You work on a two‑sided travel search marketplace and product wants to add a “High Wi‑Fi” badge/filter in the search bar to help remote workers. Recommend whether to launch based on an experiment you design. Be specific and address the following:
-
Randomization under interference: choose and justify one design (user‑level A/B, market‑day switchback, or geo/cluster randomization). Explicitly discuss potential SUTVA violations (demand spillovers, supply re‑ranking, word‑of‑mouth) and how your design mitigates them.
-
Metrics: pre‑specify primary success metrics (e.g., GMV/visitor, bookings/1k searches, conversion%, AOV) and guardrails (bounce%, latency p95, partner cancellations, non‑Wi‑Fi listing CTR). Define exactly how each is computed and at what aggregation level.
-
Intermediate metrics if topline is flat: badge/filter usage rate, CTR to Wi‑Fi listings, dwell time, queries per session, supply coverage with Wi‑Fi badge, search refinement rate.
-
Power, sample size, and runtime: compute MDE and duration using these constraints and baselines: daily active searchers=2,000,000; baseline search→booking conversion=3.0%; AOV=$120; variable margin=12%; treatment share=50%; desired power=0.80; alpha=0.05; cluster choice implies ICC=0.02 with average market‑day cluster size=20,000 visitors; stop only at full weeks. Product expects a 0.20–0.40 percentage‑point lift in conversion—show whether this is detectable and how many weeks are needed under your chosen design (include design effect if clustered).
-
Analysis plan: variance reduction (e.g., CUPED/stratification), outlier handling, heterogeneity (remote‑heavy markets, mobile vs desktop, business vs leisure), pre‑commit stopping rule, and how you will check randomization balance and interference diagnostics.
-
Decision rule to NPV: translate estimated effects into incremental margin dollars.
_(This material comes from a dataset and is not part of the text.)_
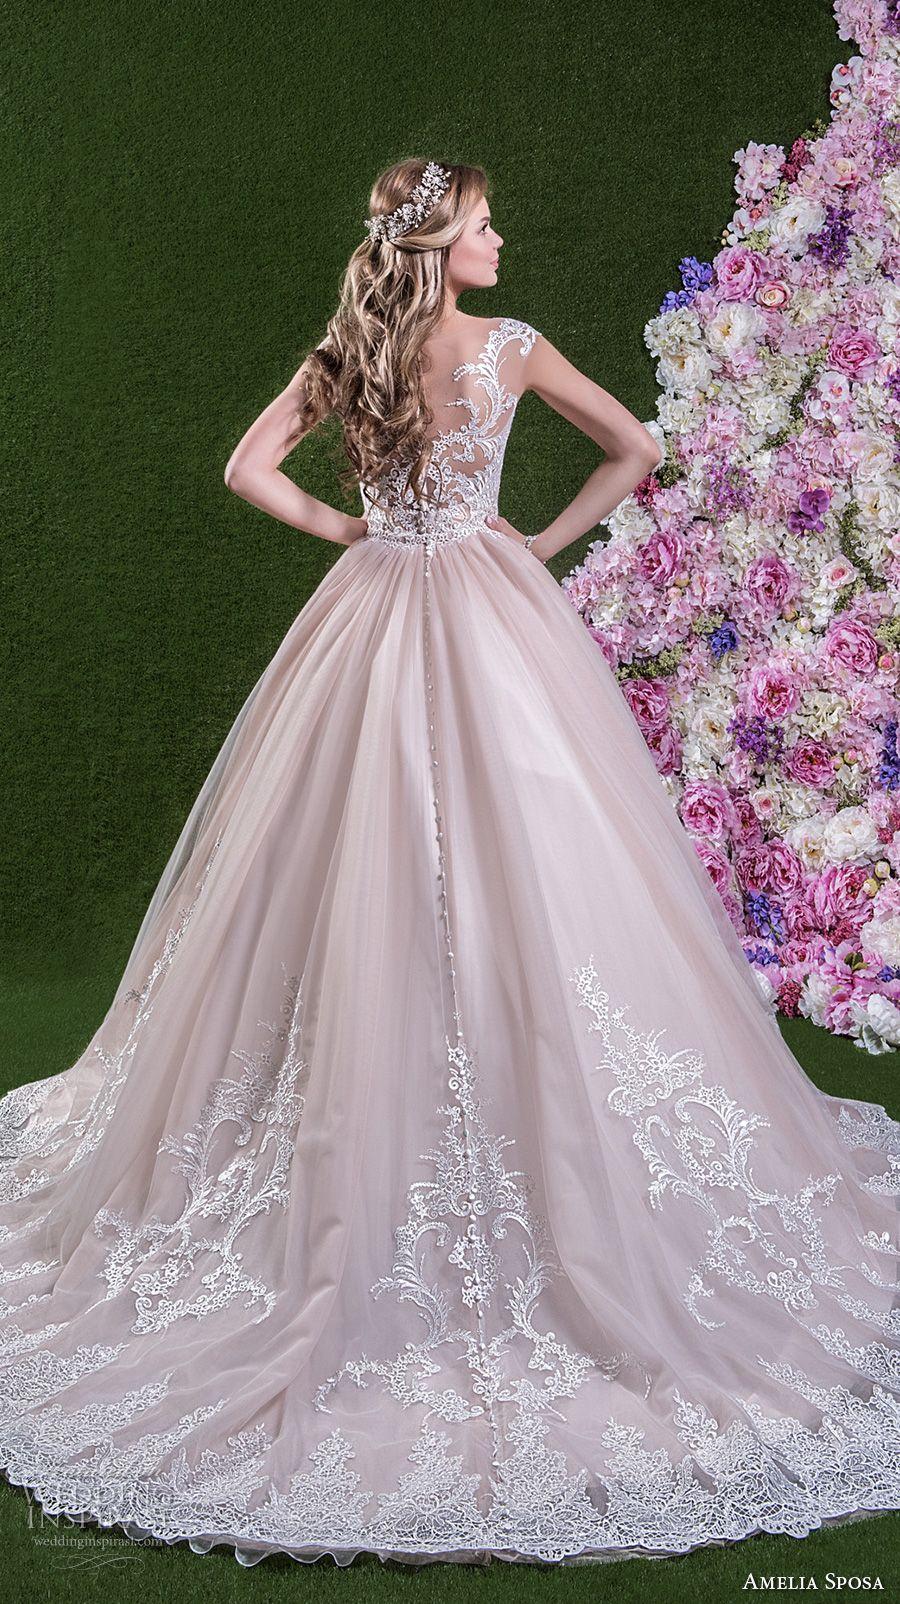 Amelia Sposa 2018 Wedding Dresses Wedding Inspirasi Amelia Sposa Wedding Dress Alternative Wedding Dresses Ball Gown Wedding Dress [ 1604 x 900 Pixel ]
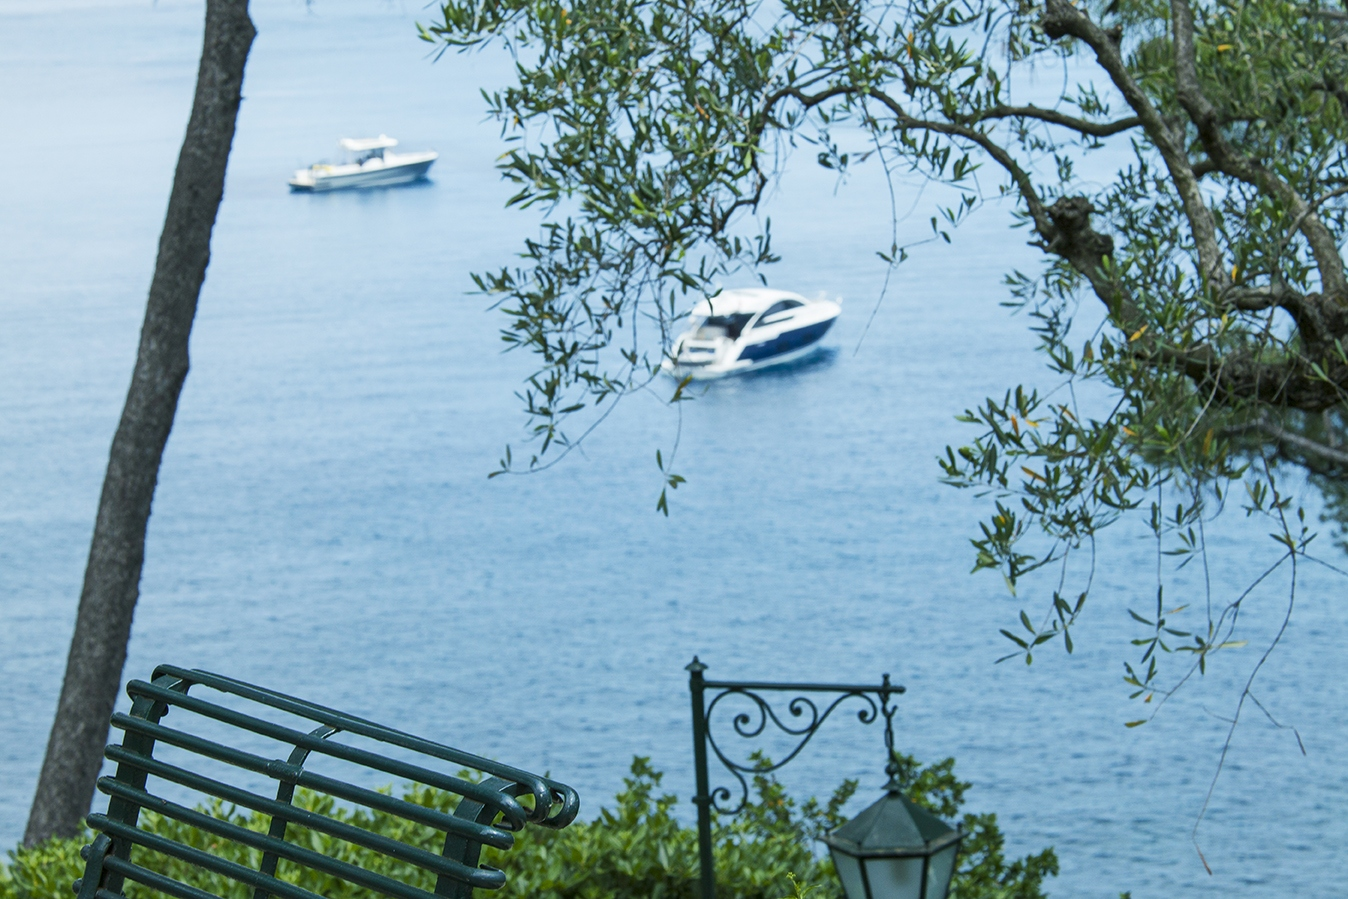 Villa in Vendita a Santa Margherita Ligure: 5 locali, 580 mq - Foto 2

Assume a one‑time engineering cost of $400k and an ongoing partner churn risk if CTR to non‑Wi‑Fi listings drops >5%. State precise launch/hold/kill thresholds.
-
If the A/B is impractical (e.g., heavy interference), propose a quasi‑experiment (staggered geo roll‑out with difference‑in‑differences and negative‑control outcomes). Specify the exact calendar, identification assumptions, and robustness checks.
Deliver: a written design, formulas used, and the numeric recommendation to launch or not under plausible effect sizes.